2.1 Calibration Dataset
PTQ uses a small calibration dataset to determine appropriate scale and zero_point values.
from transformers import AutoModelForCausalLM, AutoTokenizer
import torch
from datasets import load_dataset
def collect_calibration_data(model_name: str, num_samples: int = 128):
"""Collect calibration data"""
tokenizer = AutoTokenizer.from_pretrained(model_name)
# WikiText-2 or C4 dataset is commonly used
dataset = load_dataset("wikitext", "wikitext-2-raw-v1", split="train")
texts = []
for item in dataset:
if len(item['text'].strip()) > 100:
texts.append(item['text'].strip())
if len(texts) >= num_samples:
break
# Tokenize
encoded = [
tokenizer(text, return_tensors="pt", max_length=2048, truncation=True)
for text in texts
]
return encoded
def collect_activation_stats(model, calibration_data, layer_name: str):
"""Collect activation statistics for a specific layer"""
stats = {"min": float("inf"), "max": float("-inf")}
def hook_fn(module, input, output):
with torch.no_grad():
act = output.detach().float()
stats["min"] = min(stats["min"], act.min().item())
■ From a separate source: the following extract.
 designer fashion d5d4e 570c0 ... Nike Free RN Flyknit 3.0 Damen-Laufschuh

stats["max"] = max(stats["max"], act.max().item())
# Register hook
target_layer = dict(model.named_modules())[layer_name]
handle = target_layer.register_forward_hook(hook_fn)
# Run calibration data
model.eval()
with torch.no_grad():
for batch in calibration_data[:32]:
model(**batch)
handle.remove()
return stats
2.2 Min-Max Calibration
The simplest method: uses the global minimum and maximum values from calibration data.
class MinMaxCalibrator:
"""Min-Max calibrator"""
def __init__(self):
self.min_val = float("inf")
self.max_val = float("-inf")
def update(self, tensor: torch.Tensor):
self.min_val = min(self.min_val, tensor.min().item())
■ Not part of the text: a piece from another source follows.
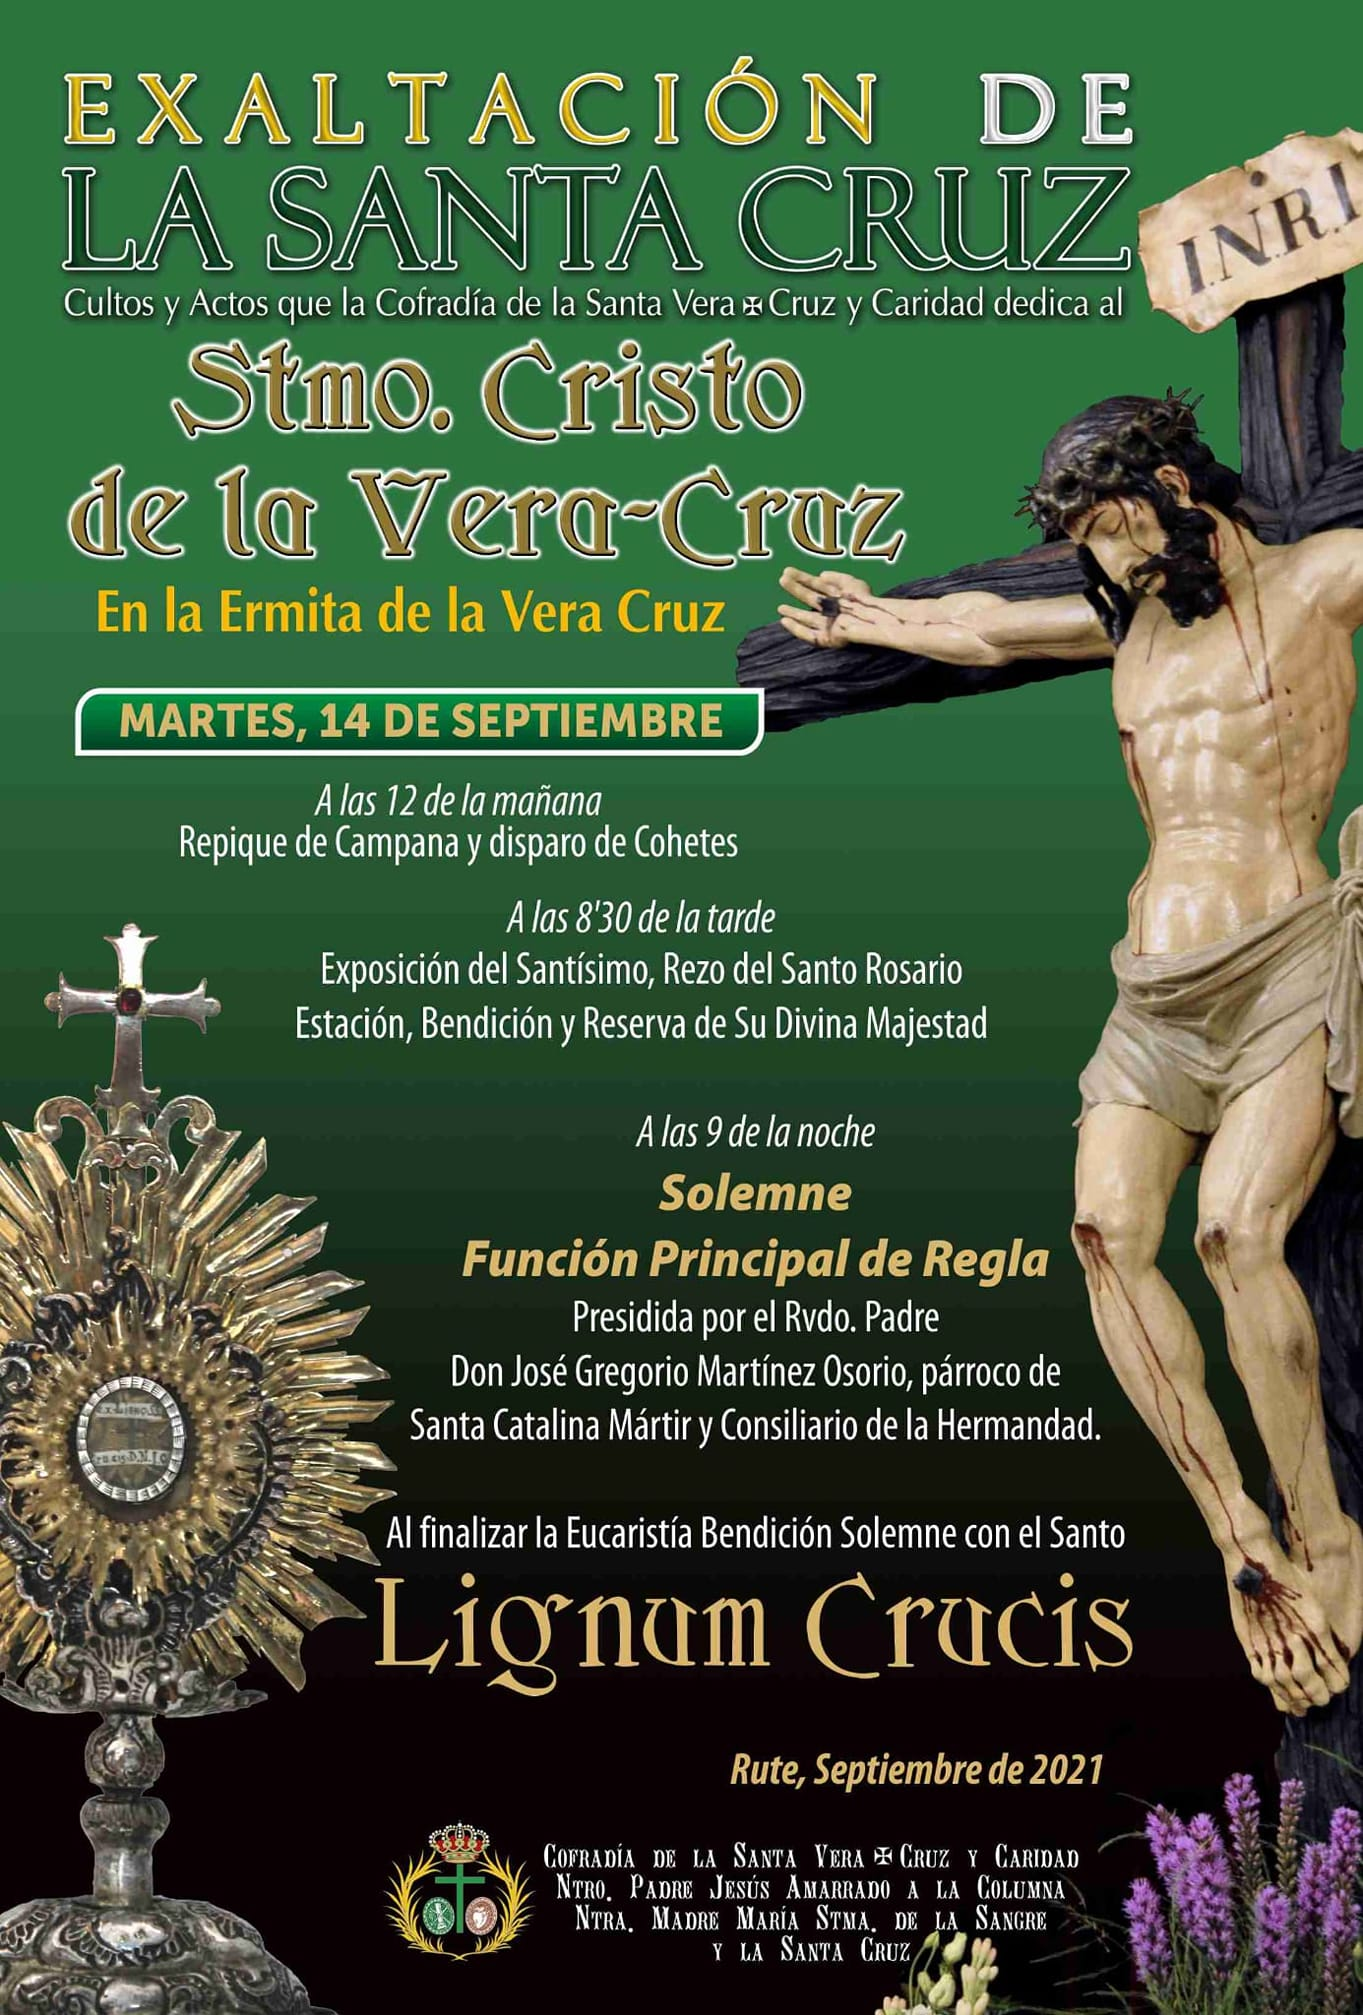 www.lignumcrucis.es-vera-cruz-rute-proclama-exaltacion-2021

self.max_val = max(self.max_val, tensor.max().item())
def compute_scale_zp(self, num_bits: int = 8, symmetric: bool = True):
q_max = 2 ** (num_bits - 1) - 1 if symmetric else 2 ** num_bits - 1
if symmetric:
max_abs = max(abs(self.min_val), abs(self.max_val))
scale = max_abs / q_max
zero_point = 0
else:
scale = (self.max_val - self.min_val) / q_max
zero_point = -round(self.min_val / scale)
return scale, zero_point
2.3 Histogram Calibration
To reduce the impact of outliers, finds the optimal range based on the distribution histogram.
import numpy as np
from scipy import stats
class HistogramCalibrator:
"""Histogram-based calibrator (minimizes KL Divergence)"""
def __init__(self, num_bins: int = 2048):
self.num_bins = num_bins
self.histogram = None
self.bin_edges = None
def update(self, tensor: torch.Tensor):
data = tensor.detach().float().numpy().flatten()
if self.histogram is None:
self.histogram, self.bin_edges = np.histogram(data, bins=self.num_bins)
else:
new_hist, _ = np.histogram(data, bins=self.bin_edges)
self.histogram += new_hist
def compute_optimal_range(self, num_bits: int = 8):
"""Search for optimal range minimizing KL Divergence"""
num_quantized_bins = 2 ** num_bits - 1
best_kl = float("inf")
best_threshold = None
for i in range(num_quantized_bins, len(self.histogram)):
reference = self.histogram[:i].copy().astype(float)
reference /= reference.sum()
quantized = np.zeros(i)
bin_size = i / num_quantized_bins
for j in range(num_quantized_bins):
start = int(j * bin_size)
end = int((j + 1) * bin_size)
quantized[start:end] = reference[start:end].sum() / (end - start)
quantized = np.where(quantized == 0, 1e-10, quantized)
reference_clipped = np.where(reference == 0, 1e-10, reference)
kl = stats.entropy(reference_clipped, quantized)
if kl < best_kl:
best_kl = kl
best_threshold = self.bin_edges[i]
return -best_threshold, best_threshold
2.4 Impact on Perplexity
The most common metric for measuring quantization quality is Perplexity (PPL).
import torch
import math
from transformers import AutoModelForCausalLM, AutoTokenizer
def compute_perplexity(model, tokenizer, text: str, device: str = "cuda"):
"""Compute perplexity"""
encodings = tokenizer(text, return_tensors="pt")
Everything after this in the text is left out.